How would I do the following in Python 3 inside Lambda? Any help would be greatly appreciated.

3 Answers

1
HollerTrain On

import logging

in the code add:

logging.debug('This is a debug message')
logging.info('This is an info message')
logging.warning('This is a warning message')
logging.error('This is an error message')
logging.critical('This is a critical message')
1
Nagendra Kakarla On

You can use the logging module or just use print statements. AWS documentation explains it in detail with examples

https://docs.aws.amazon.com/lambda/latest/dg/python-logging.html

from __future__ import print_function

def lambda_handler(event, context):
    print('this will also show up in cloud watch')

  return 'Hello World!'

0
Joseph On

AWS automatically picks up any messages sent to the log or to std out (print statements) and pushes them to cloudWach as long as the role configured in the lambda function has accesses to write to the cloud watch logs. Lambda Assumes this role and uses the permissions policies to gain access to CloudWatch Logs to write the logs.

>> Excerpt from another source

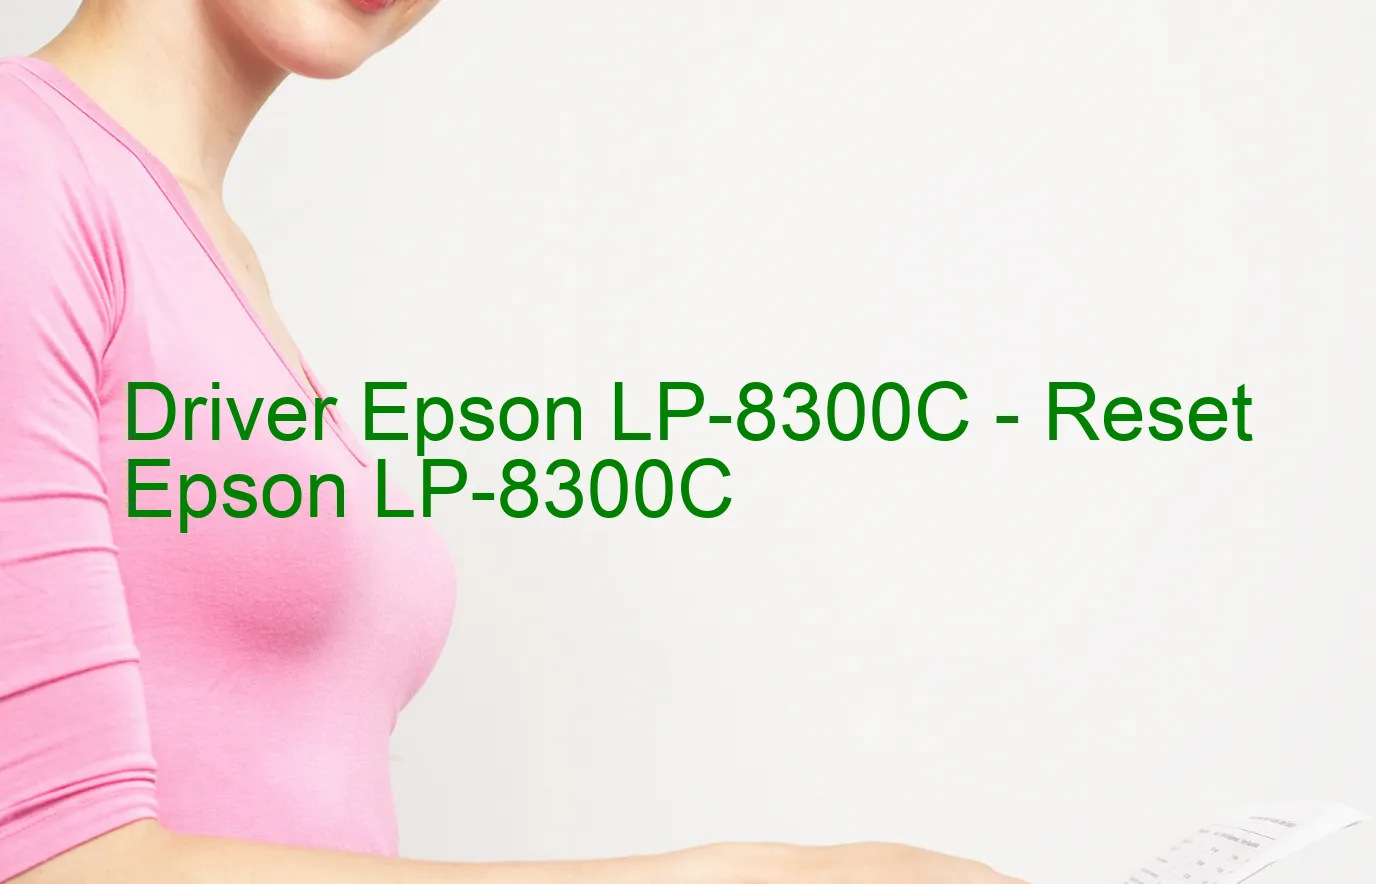 Epson LP-8300Cのドライバー、Epson LP-8300Cのリセットソフトウェア

You will need a policy attached to the role like the following, or you can attach the AWS Policy called "AWSLambdaBasicExecutionRole" :

                     {
                            "Version": "2012-10-17",
                            "Statement": [
                              {
                                "Effect": "Allow",
                                "Action": [
                                  "logs:CreateLogGroup",
                                  "logs:CreateLogStream",
                                  "logs:PutLogEvents",
                                  "logs:DescribeLogStreams"
                              ],
                                "Resource": [
                                  "arn:aws:logs:*:*:*"
                              ]
                            }
                           ]
                        }

Without the correct permissions, you will see the error in CloudWatch "There was an error loading log streams. Please try again by refreshing this page."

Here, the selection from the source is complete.